5. Autonomous shopping for frictionless customer experience

Autonomous shopping is catching on quite rapidly. Autonomous shopping allows customers to enter, shop, and leave the store without ever having to interact with a cashier or wade their way through long lines of automated checkout counters that don’t always work reliably.

Among the many models required to power this application, we would need one that can predict human actions accurately.

5.1 Challenges with recognizing human actions

Recognizing human actions provides a deeper understanding of the scene than just detecting people. In a retail environment, it can help identify user activities like picking up an object from a shelf or inspecting the object or putting it in their cart, essential for a frictionless shopping experience.

However, action recognition is a very difficult problem to solve. First, you need labeled video data, which is more expensive than labeled image data. Second, action recognition is a more complex, compute-intensive operation. To recognize an action, you need the temporal aspect, so you are on a sequence of frames instead of a single one.

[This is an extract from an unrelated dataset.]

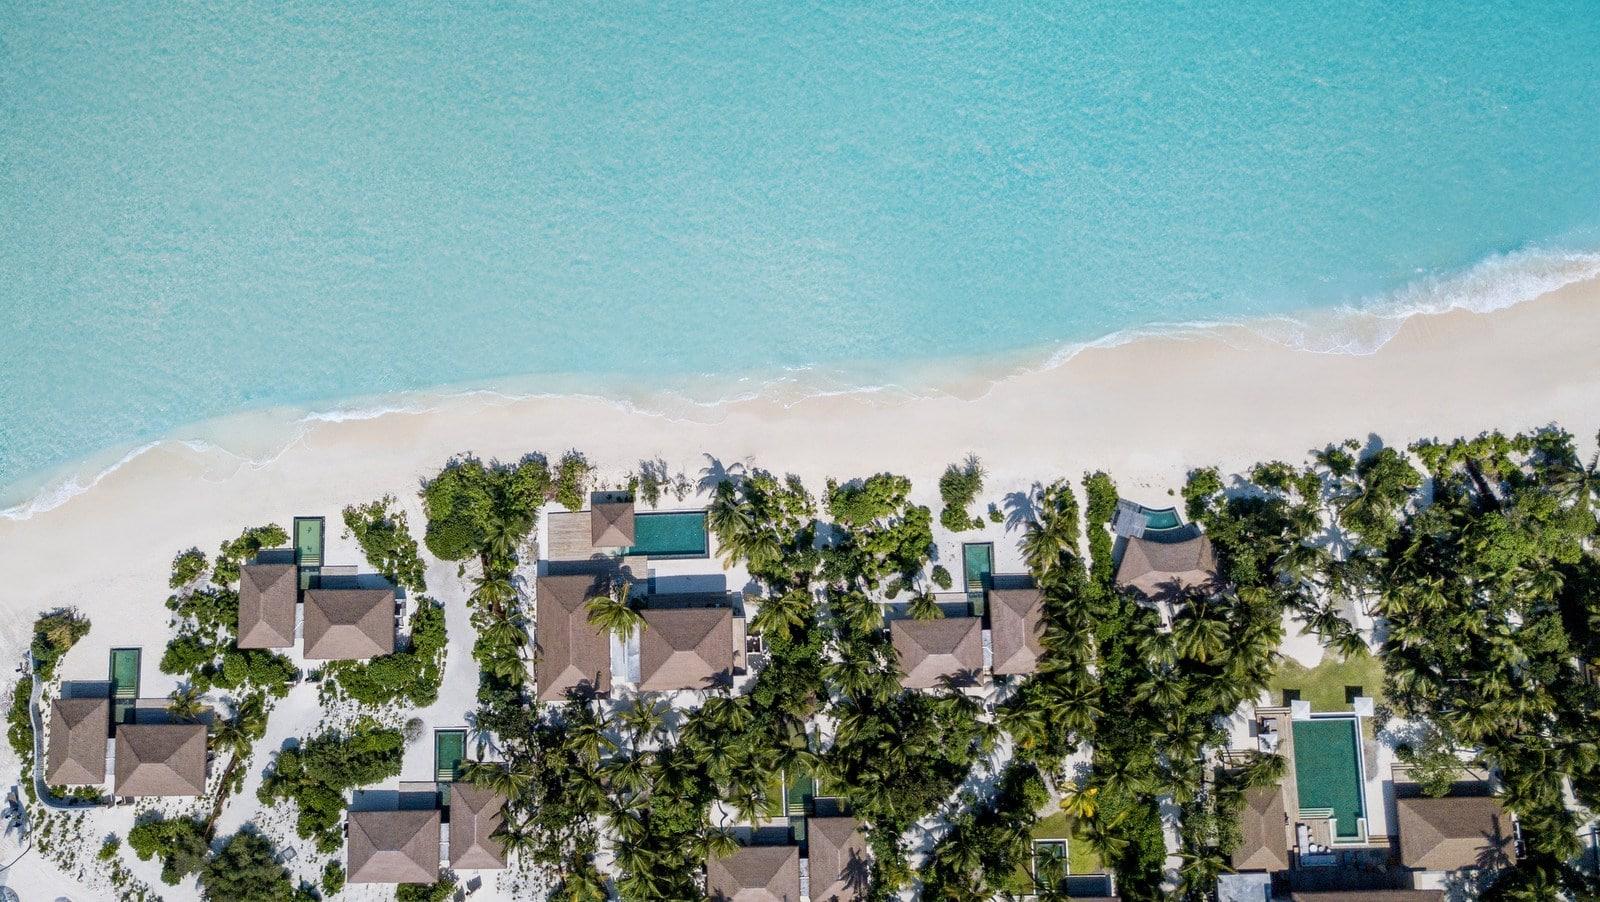 Мальдивы, отель Intercontinental Maldives Maamunagau, пляж

5.2 Customizing a pretrained action recognition model

The solution starts with a pretrained model for action recognition. For this experiment, we chose the I3D inception model architecture mentioned in this paper, which can be found at this repository.

Fig. 11 3-D Action Classification Model

In TAO, both RGB and optical flow I3D pretrained models are supported. We take the RGB model and finetune it with the classes that represent the typical actions performed by a human in a retail setting.

5.3 Results

For this experiment we used the open-source “Merl Shopping dataset”. This dataset has a total 106 videos, each two minutes in duration for a given action. To use this data for the action recognition tasks, we preprocessed and extracted each video clip into subclips and then labeled each subclip into five different action classes:

  • Reach to shelf
  • Retract from shelf
  • Hand in shelf
  • Inspect product
  • Inspect shelf

The data is then stored in the directory format shown below:

  |--> <Class name>
   |--> <Video 1>
     |--> rgb
      |--> 000001.png
      |--> 000002.png
      |--> 000003.png

From the 106 videos, 65 were chosen for training, 10 for validation, and 31 for testing. https://github.com/NVIDIA-AI-IOT/TAO-Toolkit-Whitepaper-use-cases/tree/main/workspace/ar_merl.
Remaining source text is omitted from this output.